И виной тому был един человек — Шеин. Он-то и учинил этот последний бой у круглой башни. Ее осаждали немцы. Они были крайне злы. Кидались к башне с оскалом, ровно волки на корову. Закопченная белая башня отвечала им огнем. И они никак не могли одолеть сего воеводу с несколькими стрельцами. Уже с десяток тел валялись на подступах в лужах дымной крови. Этот Шеин сам слился с башней. Бил прицельно. Р-раз! И подо мной закачалась и эта лошадь. Я едва успел соскочить, дабы не быть подмятым, как она завалилась на бок, дрыгая ногами и выворачивая глаза до бешенства. Пуля вошла ей прямо в грудь и, видимо, сразу угодила в сердце. Другая пуля так долбанула по моему шлему, что я на некоторое время исчез. То есть град сей, замок дымящийся, орущий, с колокольным звоном растворился. И вмиг стало тихо. Тут же я пришел в себя. Меня оттаскивал в безопасное место немец. Совершенно придя в себя, я стянул шлем, ощупал голову, думая ощутить жаркий поток крови, но голова была суха, ну так, немного вспотела. Но уже сверху вздувалась горячая шишка. Я осмотрел шлем и обнаружил в нем вмятину. Немец зло усмехался, показывал на башню и говорил по-немецки. Я чуть-чуть знал уже этот язык, в лагере много было немцев, и мой приятель Ланге учил меня. Скоро он и явился. А я уже узнал, что в башне заперся воевода. Кто-то, значит, из смольнян подсказал им сию новость. Да не один, а с женою, дочкой и сыном. Се был его последний дом — башня. Мы с Ланге обрадовались нежданной встрече и тут же принялись обсуждать по-немецки, по-польски и на латыни, коею Пауль отлично владел, способ штурма башни. Паны мои, в войне все свершается сию минуту, сей миг, без подготовки приходит смерть. Так и здесь. Пауль Ланге неосторожно высунулся из укрытия, дабы указать на возможный путь к башне, как тут же зарычал, схватившись за торчащую из глаза стрелу. И в диком бешенстве и боли он выдрал вместе с нею свой глаз, еще громче зарычал и рухнул прямо лицом в пыльную траву и кирпичную крошку. Замолчал внезапно. Я с трудом его перевернул. Сей богатырь был бледен и мертв. Сердце его, видимо, тут же взорвалось от боли. Облик его был страшен, ровно облик Циклопа. Я перекрестился. Размышлять о превратностях войны не было времени. Шеин стрелял направо и налево, только сверкали огни узкие. Но ясно было, что он обречен. Это и бесило немцев более всего. Сдайся, коли не видно будущего.
А сдаваться воеводе уже было не с руки, не с руки… За валявшихся у башни ландскнехтов, за Ланге с безобразной рожей — за все это мы готовы были спустить с него семь шкур! И никто бы не пощадил его жену и дочку. И сына. Немцы их растерзали бы. И воевода это отлично понимал. Отступать было некуда. Зелье стрельбы и пули рано или поздно должны кончиться. Смерть воеводе! Der Tod dem Spitzenreiter![68] Der Tod!..

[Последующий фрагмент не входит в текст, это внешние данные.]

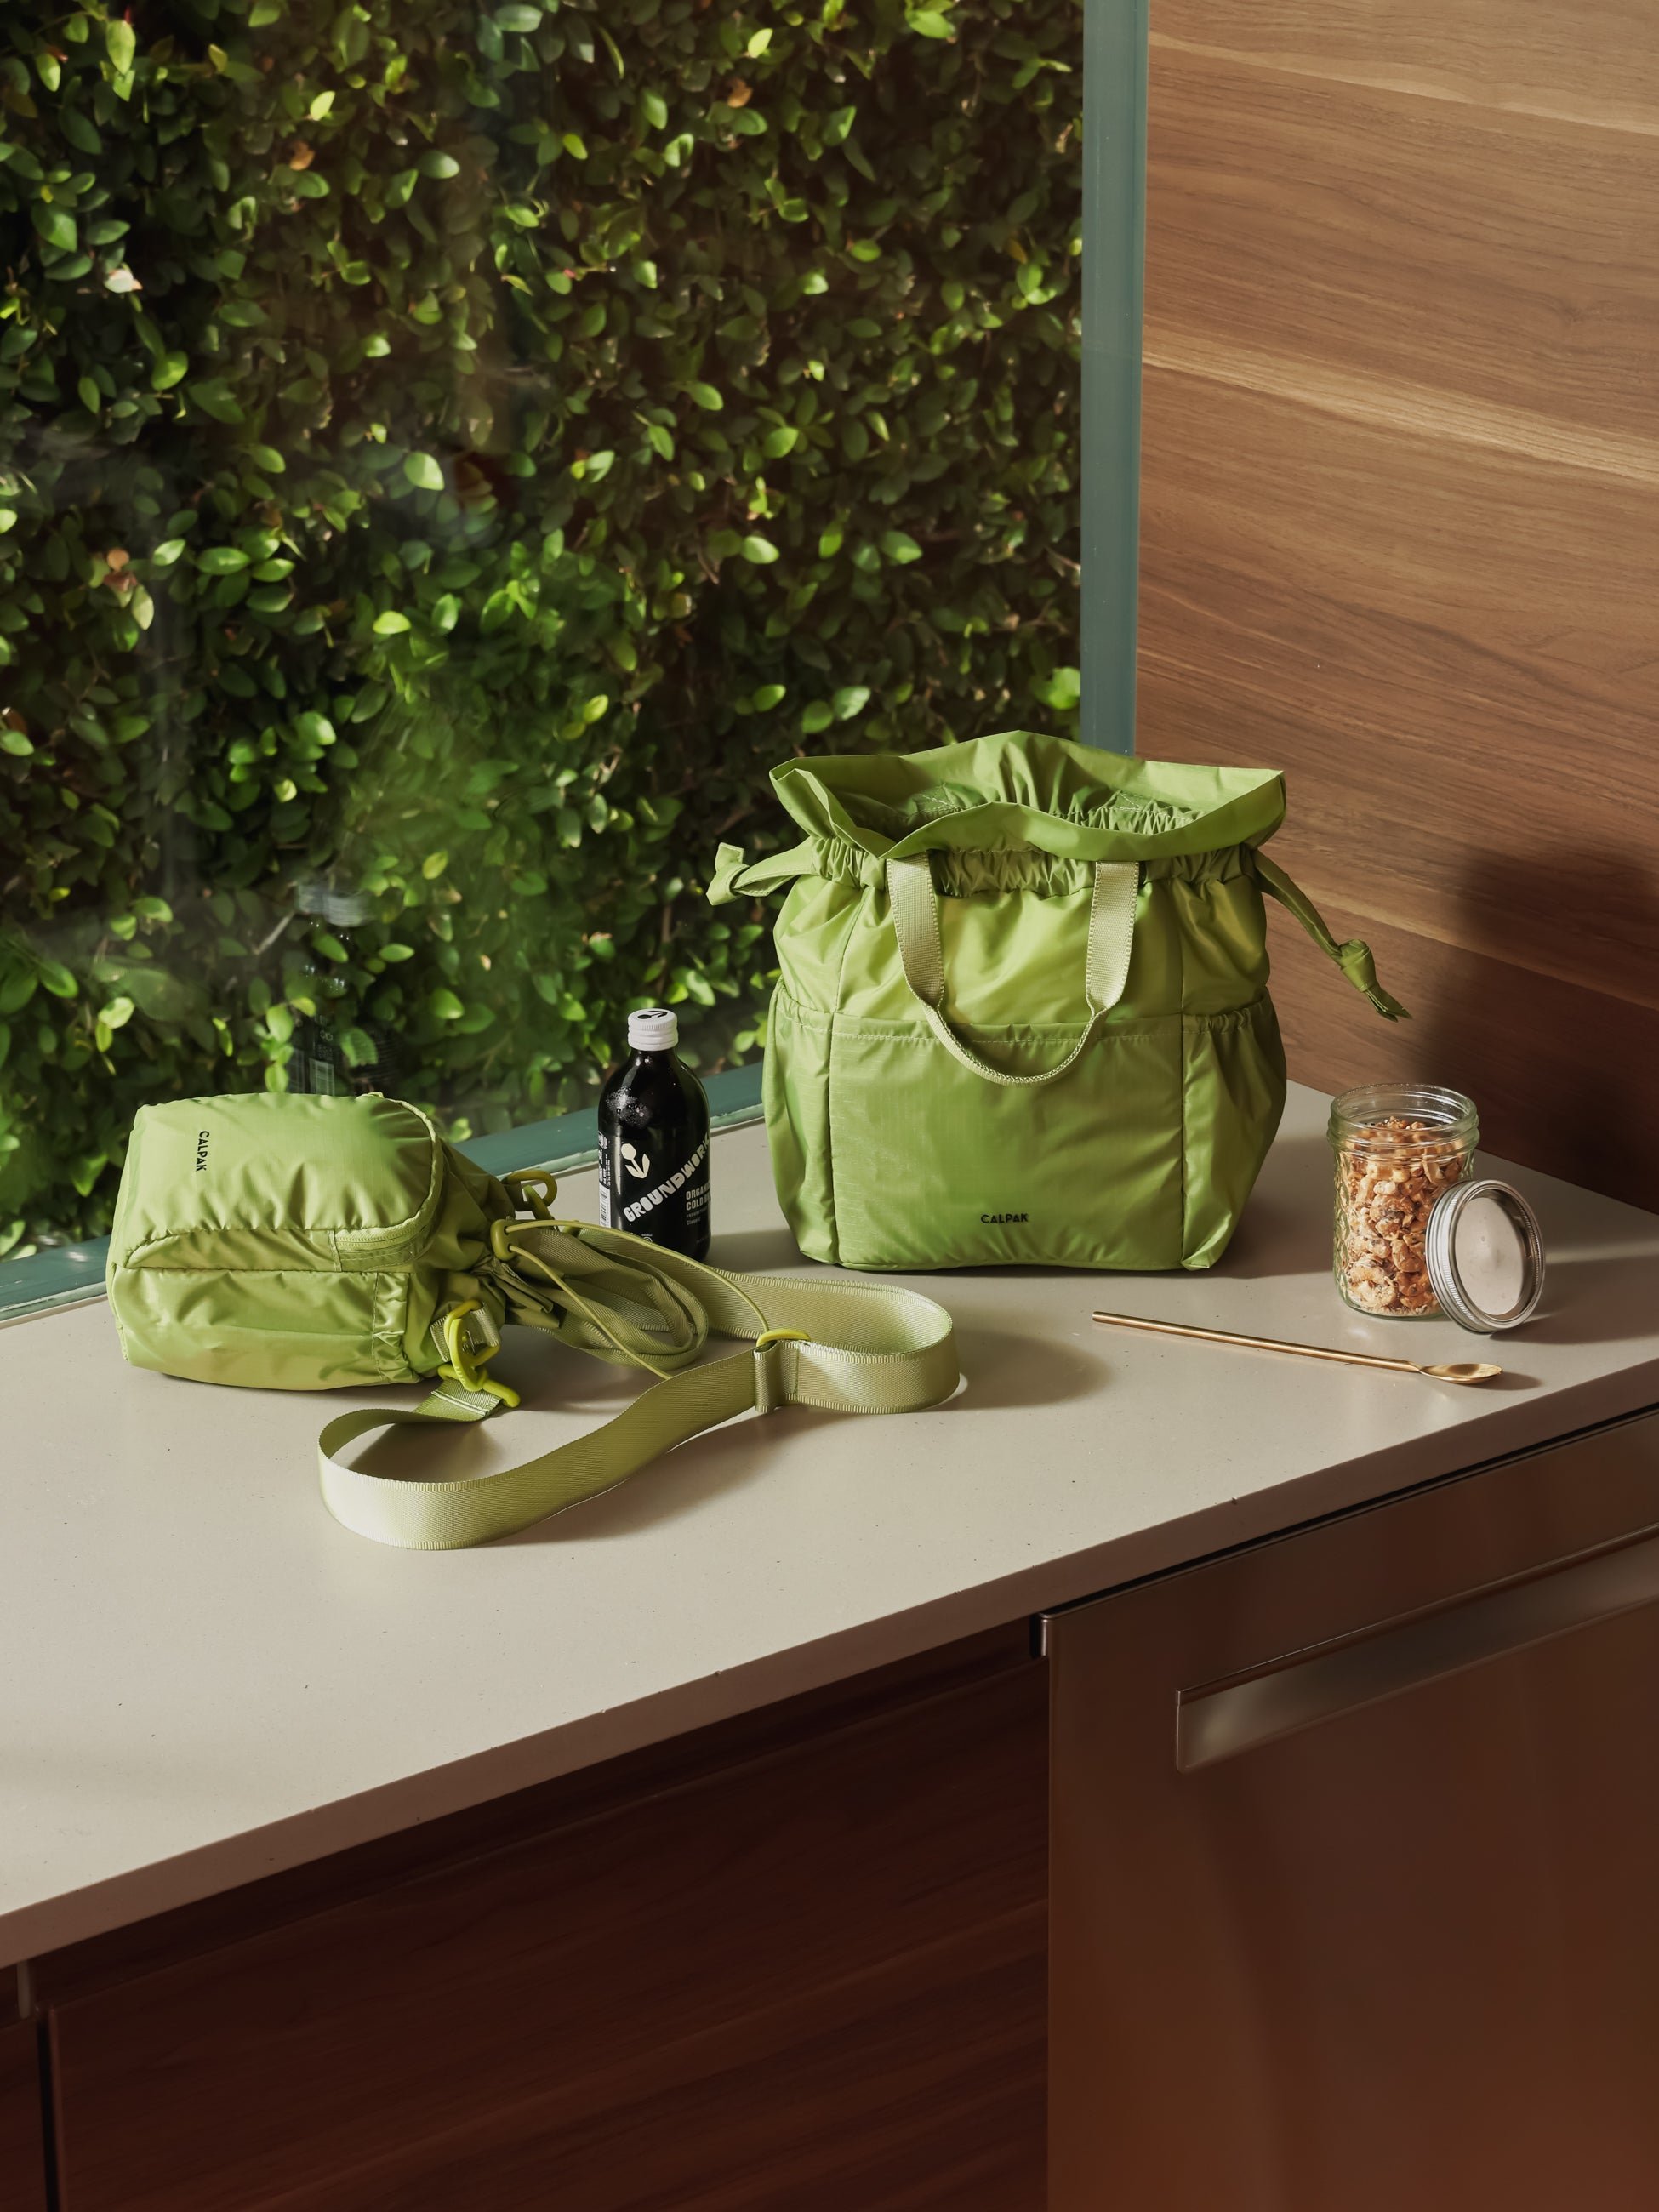 CALPAK Insulated Lunch Bag for women in light green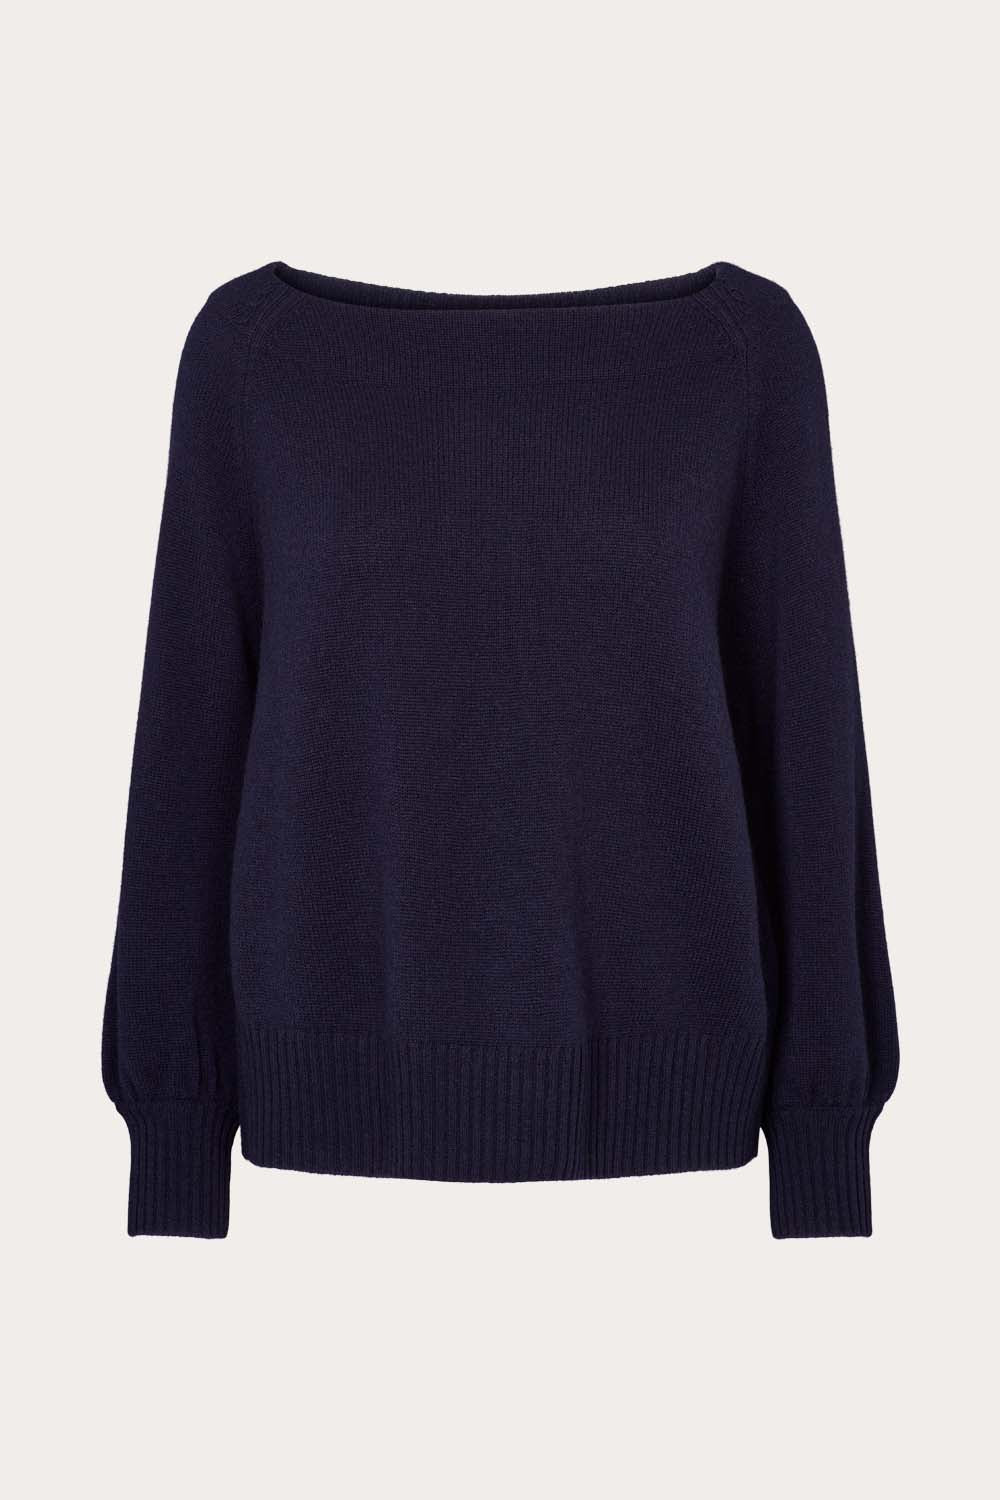 O'TAY Aura Sweater Blouses Navy

Нам надо было принести веревки и лестницы. Эта башня превратилась в замок. Остальной замок уже был наш. Мы добивали упрямцев, молящих о пощаде. А эта башня сопротивлялась. Гарь, хлопья пепла, треск пламени, взрывы петард и стрельба с криками, ржанье лошадей, женские вопли, визг собак… Небеса над Смоленском почернели.
Несколько пехотинцев пытались пройти по стенам слева и справа, но стрельцы из башни им не дозволяли сделать это. Рваные бока башни словно сочились кровью. Но она продолжала свирепо сверкать глазами и слегка дымиться… В эти минуты, паны мои, башня сия померещилась мне живым изваянием, и некий страх оковал все члены, я подумал, что мы все обречены, мы, а не они.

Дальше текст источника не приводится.